今日、クライミングジムへいって準備体操をしていると「バーン」という音がしてた。
何か大きなものでも落ちたのかなと思っていると、人がうずくまっている。

どうやらケガ人が出たようだ。

ボルダ―エリアのスラブ壁の最上部より足が滑って下のマットの隙間に足が挟まってしまった。

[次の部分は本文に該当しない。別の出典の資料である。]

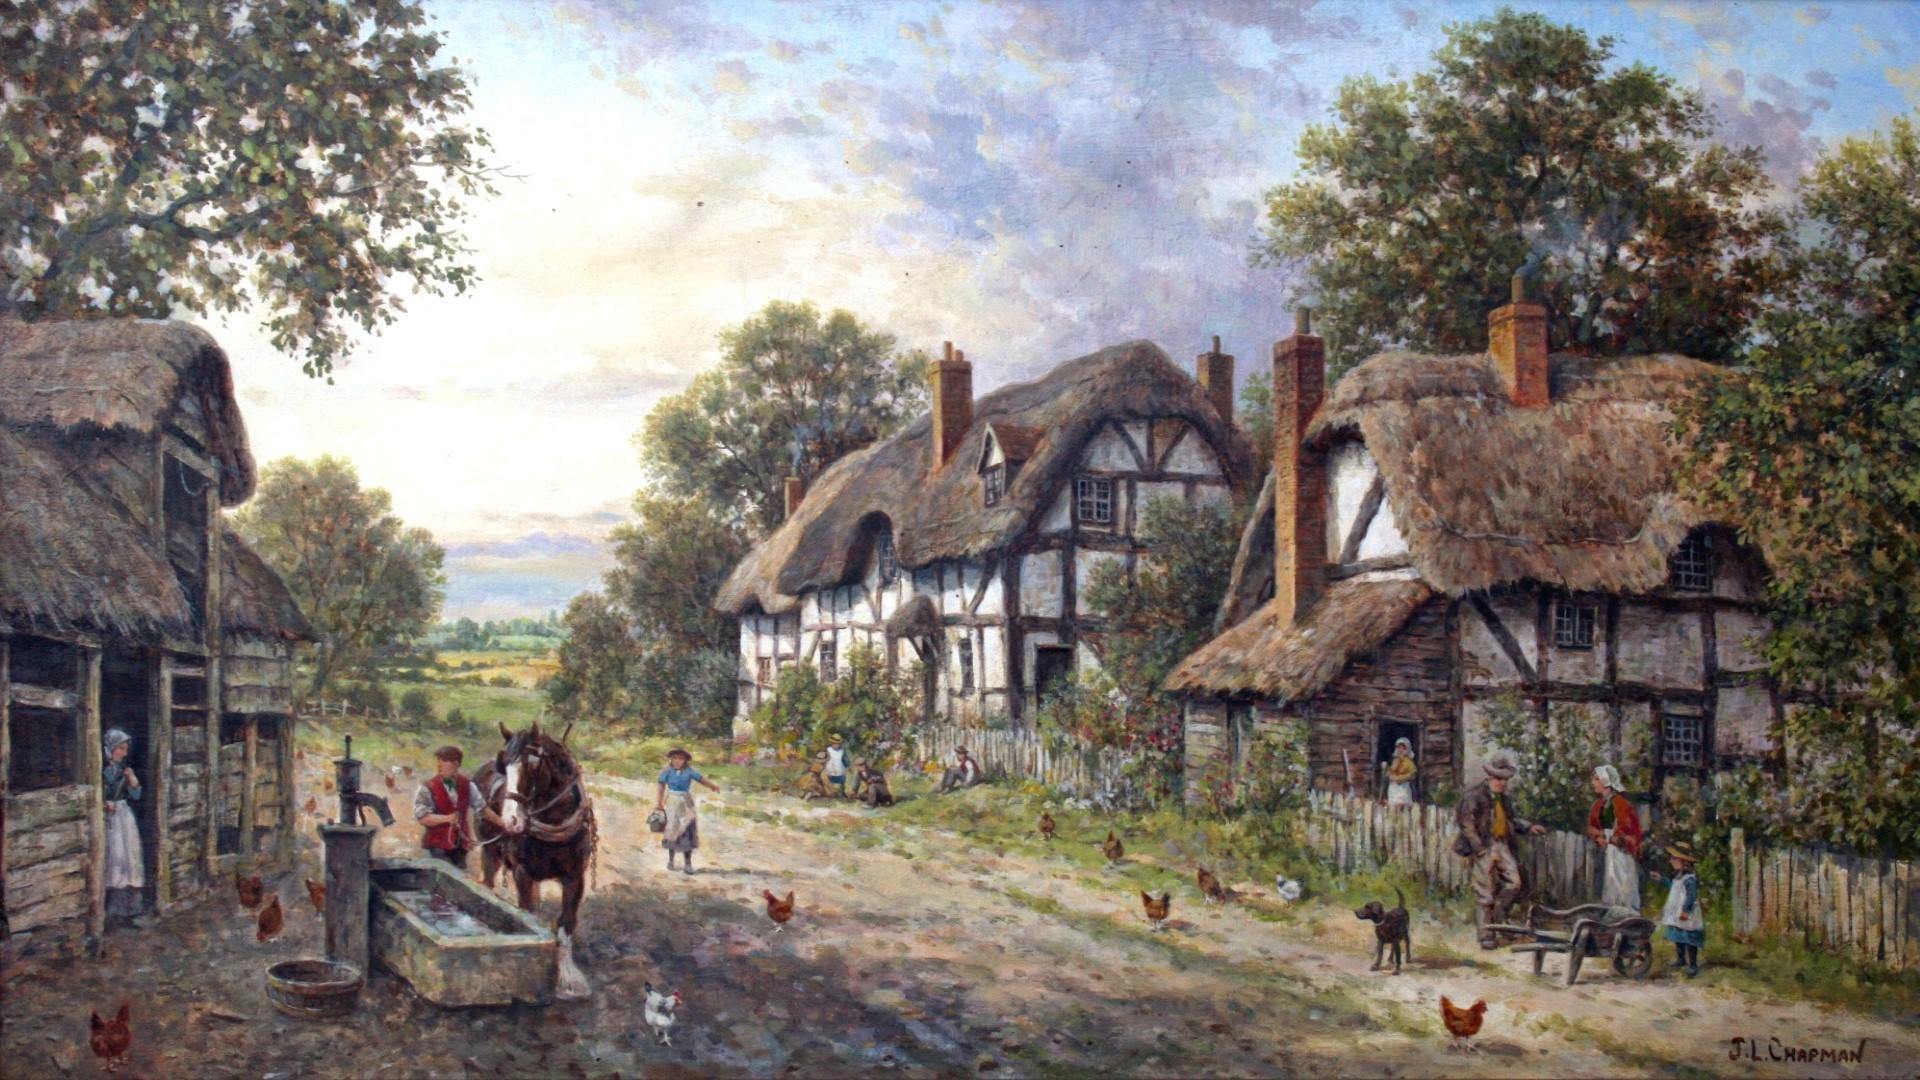 p. Village Wallpaper, Village Widescreen Background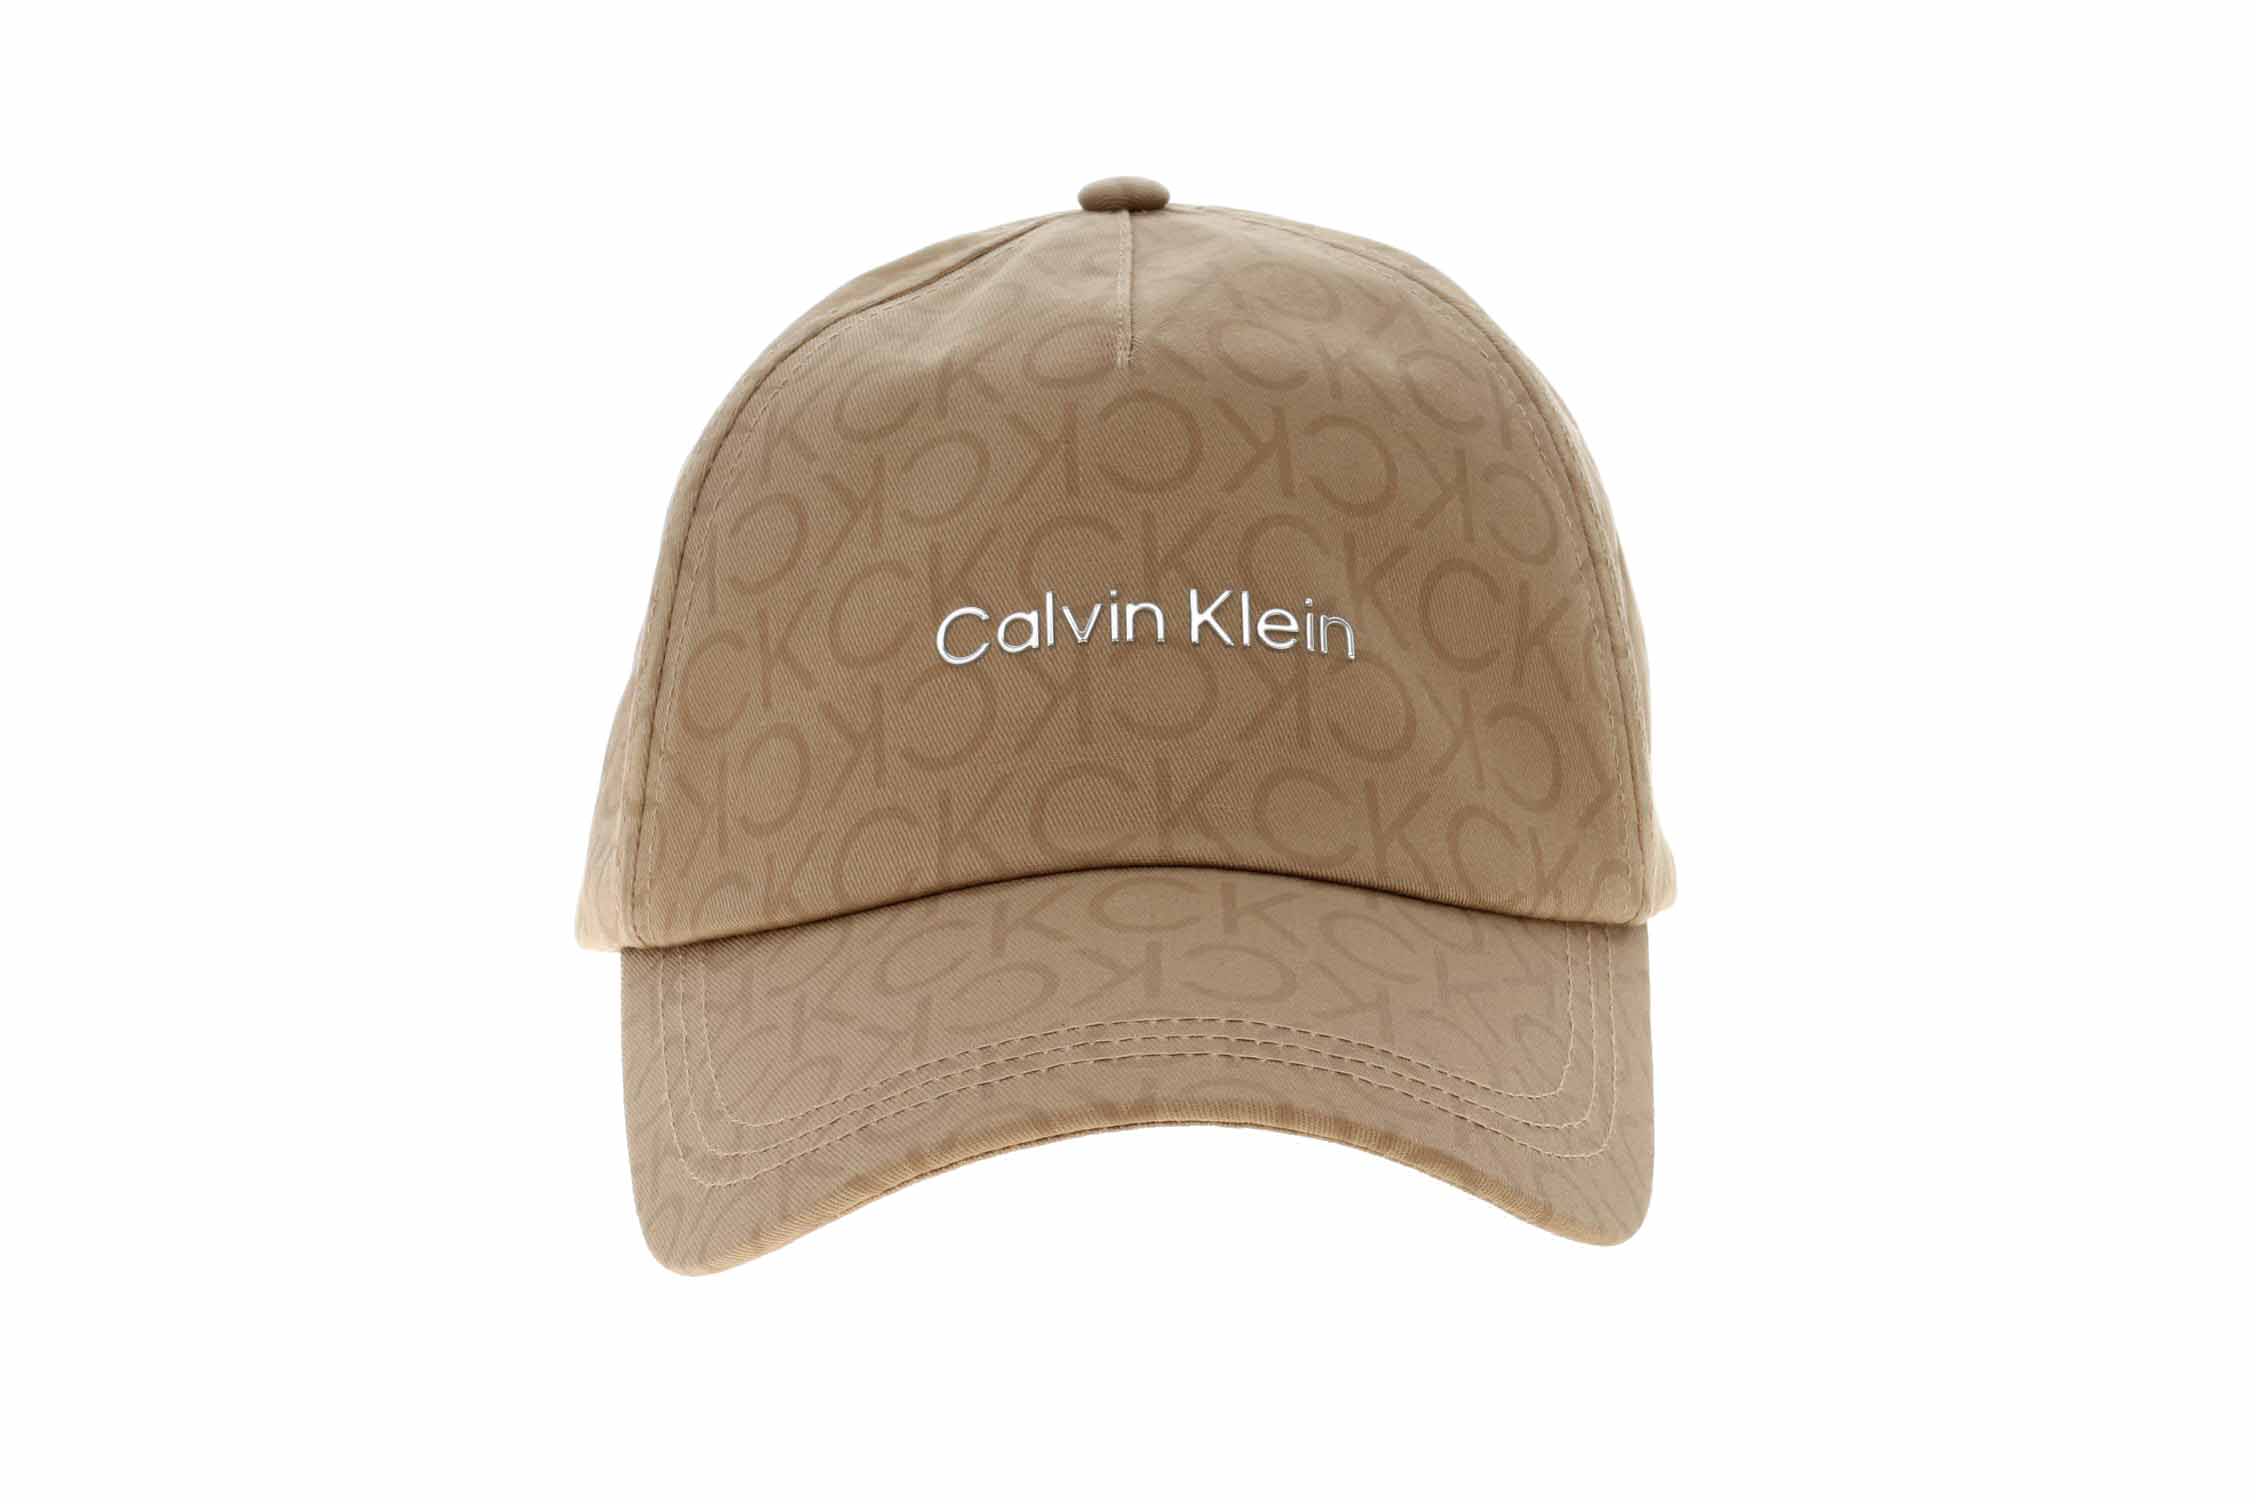 Calvin Klein dámská kšiltovka

通常なら、捻挫か単純な骨折といったところだが、今回のケースは解放骨折。

開放骨折とは折れた骨が皮膚を突き破っている状態の骨折のことをいい感染の危険性がある。
なにしろ骨がむき出しになっているので細菌感染しやすいのである。


残念ながら私が近くに行ったときにはタオルで患部を抑えている状態だった。
せめて滅菌ガーゼで…と思ったが後の祭りであった。

周りの人々はおろおろするばかりで何もする様子がないので、私がいろいろ指示を出した。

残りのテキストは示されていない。